▶ [TASK DIRECTIONS]:
A faithful copy of the data is what is wanted, minus any pictures.

▶ [RECORDED DATA]:
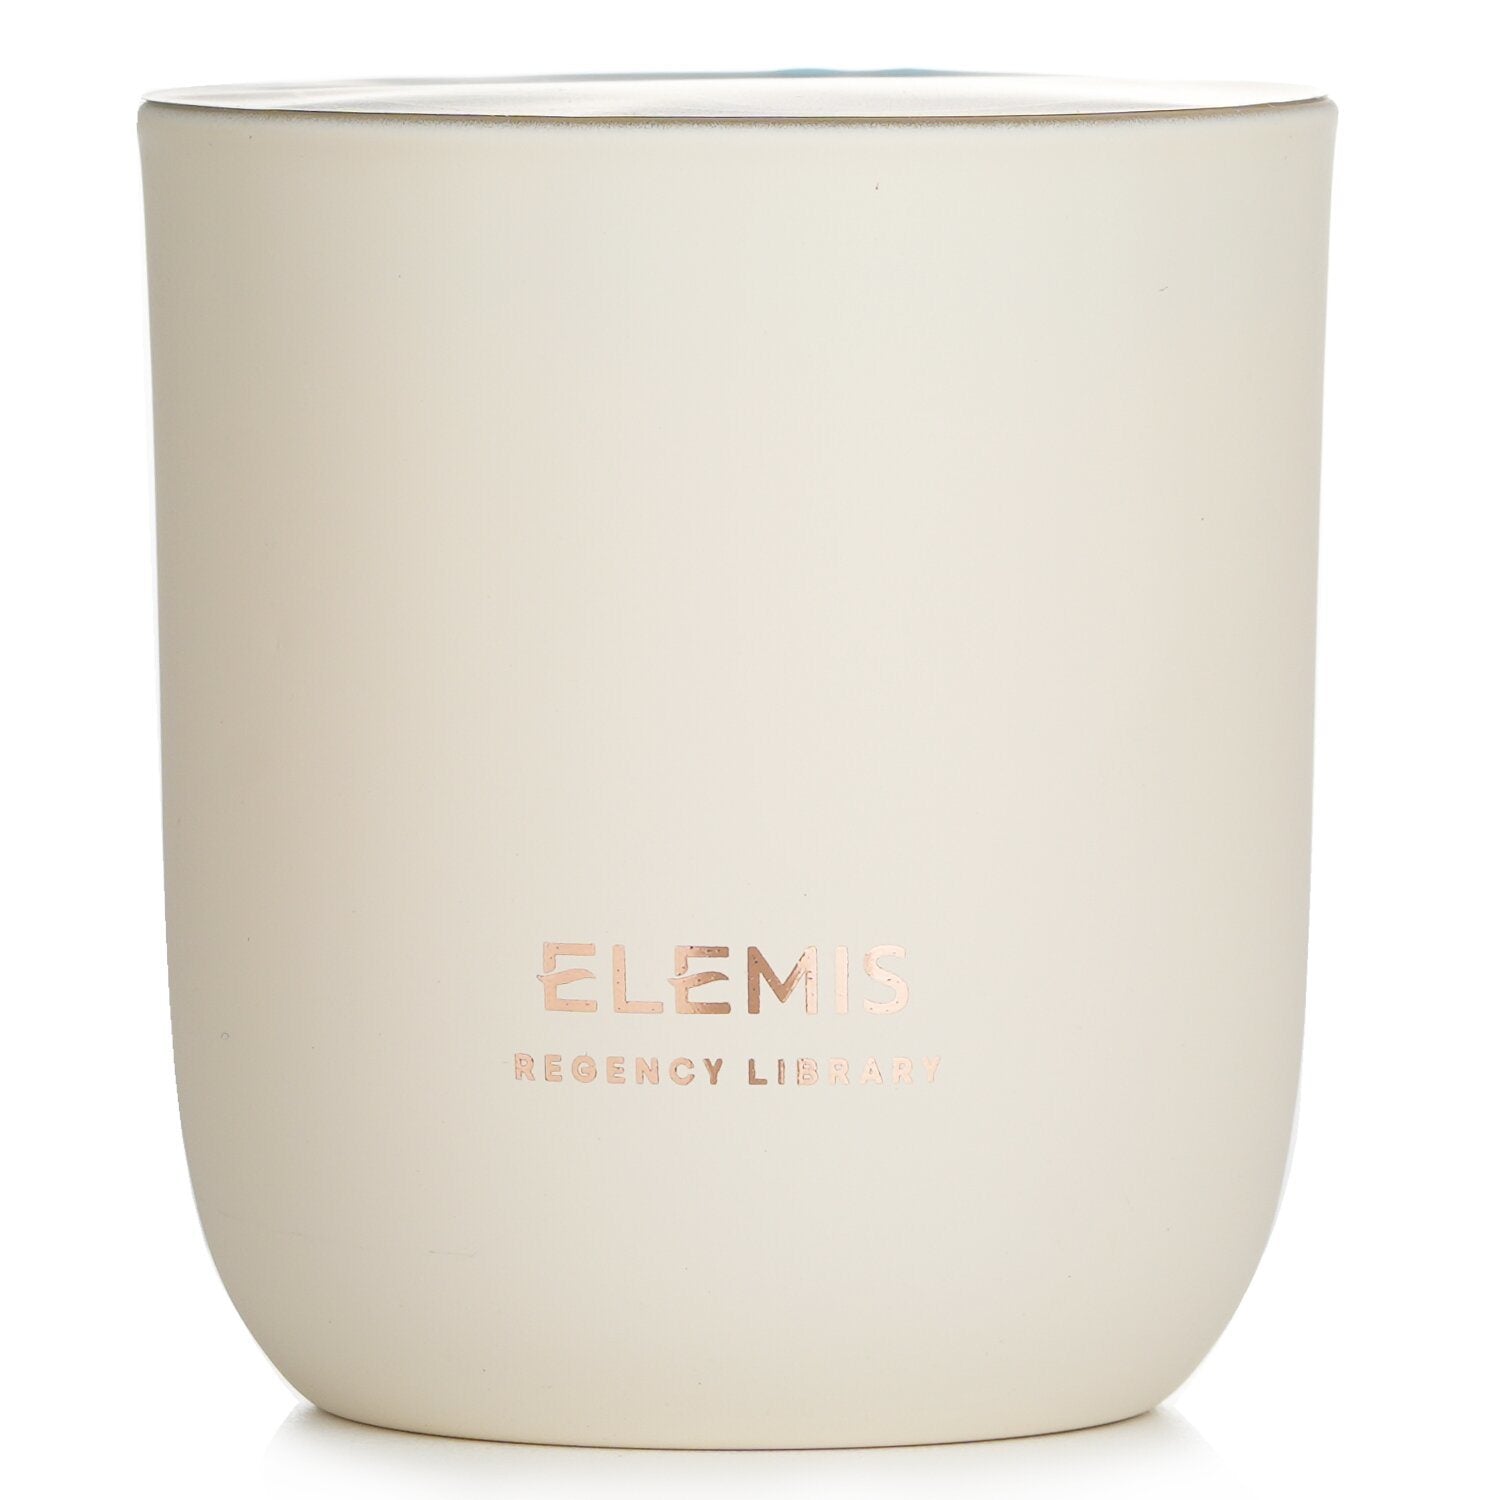 A white ELEMIS - Scented Candle - Regency Library 888924 220g/7.05oz with the words elemis on it, featuring a pleasant fragrance.
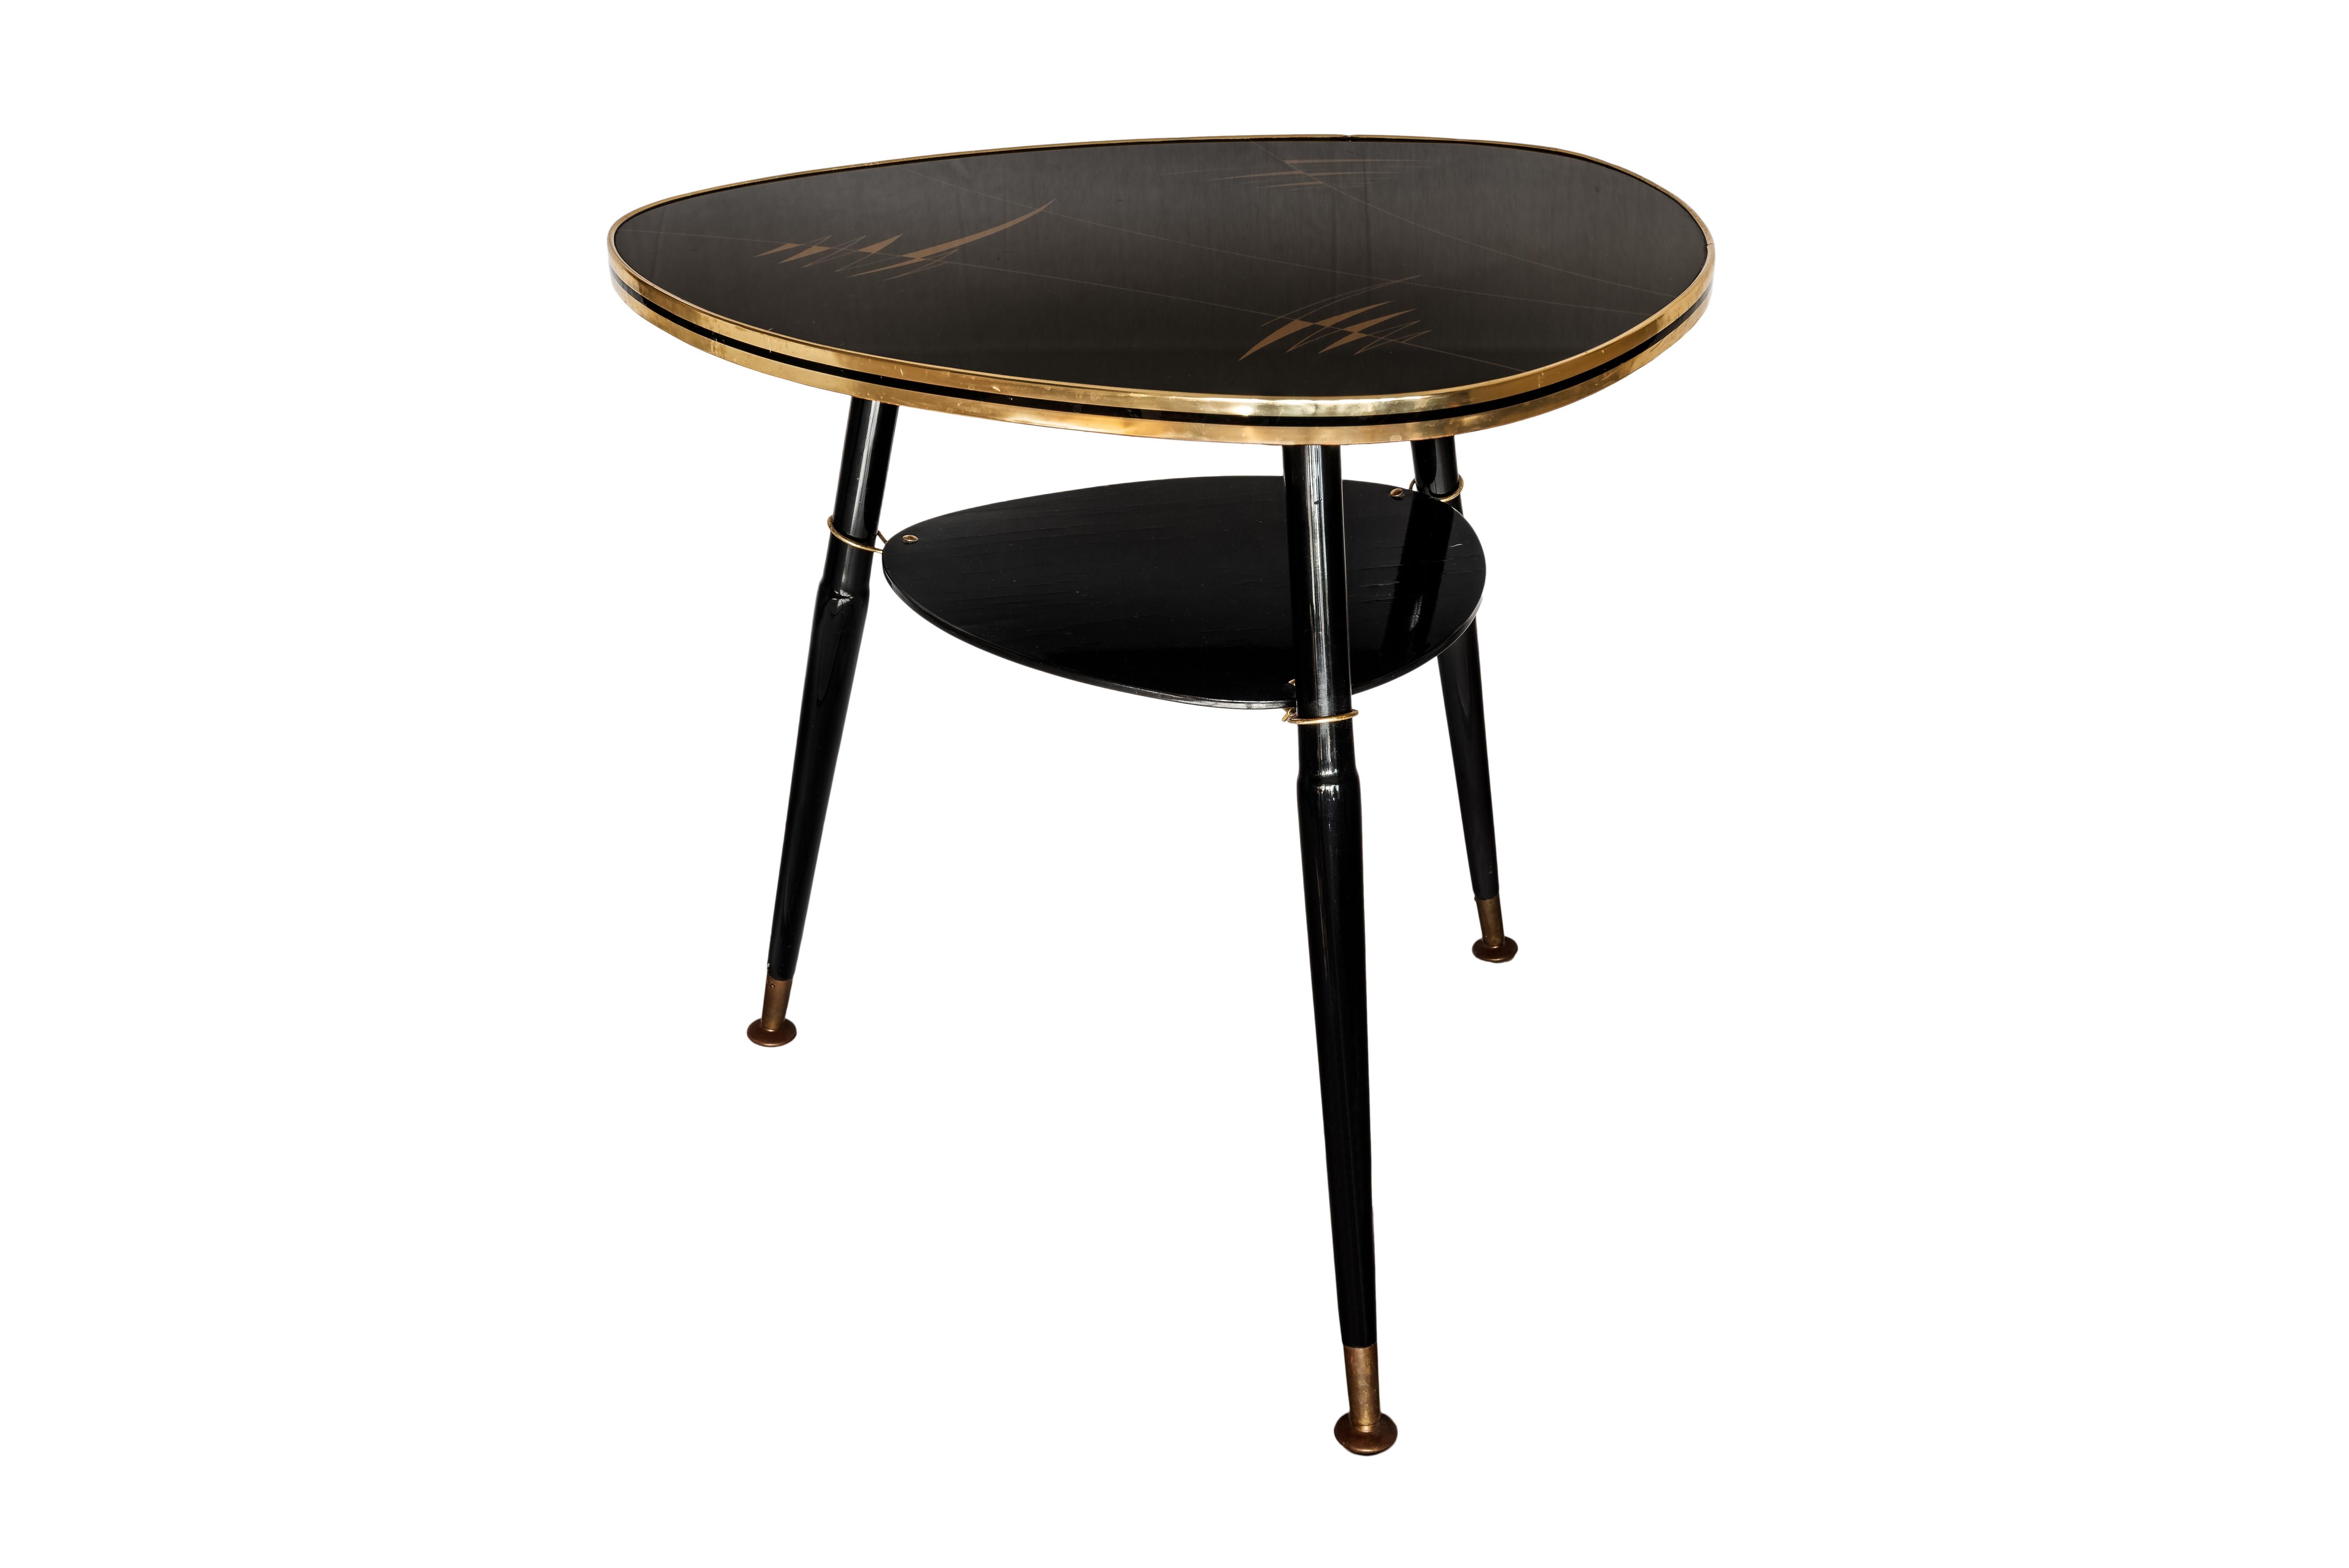 Midcentury black lacquered wood and Resopal glass plate, Ilse Möbel, Germany.
Midcentury coffee or side table from with a black glass Resopal tabletop with golden designs. Legs in wood and brass, with a lower plate under the main plate.
Produced

▶ [SOLUTION FOR THIS EXERCISE]:
 A white ELEMIS - Scented Candle - Regency Library 888924 220g/7.05oz with the words elemis on it, featuring a pleasant fragrance.
 Midcentury black lacquered wood and Resopal glass plate, Ilse Möbel, Germany.
Midcentury coffee or side table from with a black glass Resopal tabletop with golden designs. Legs in wood and brass, with a lower plate under the main plate.
Produced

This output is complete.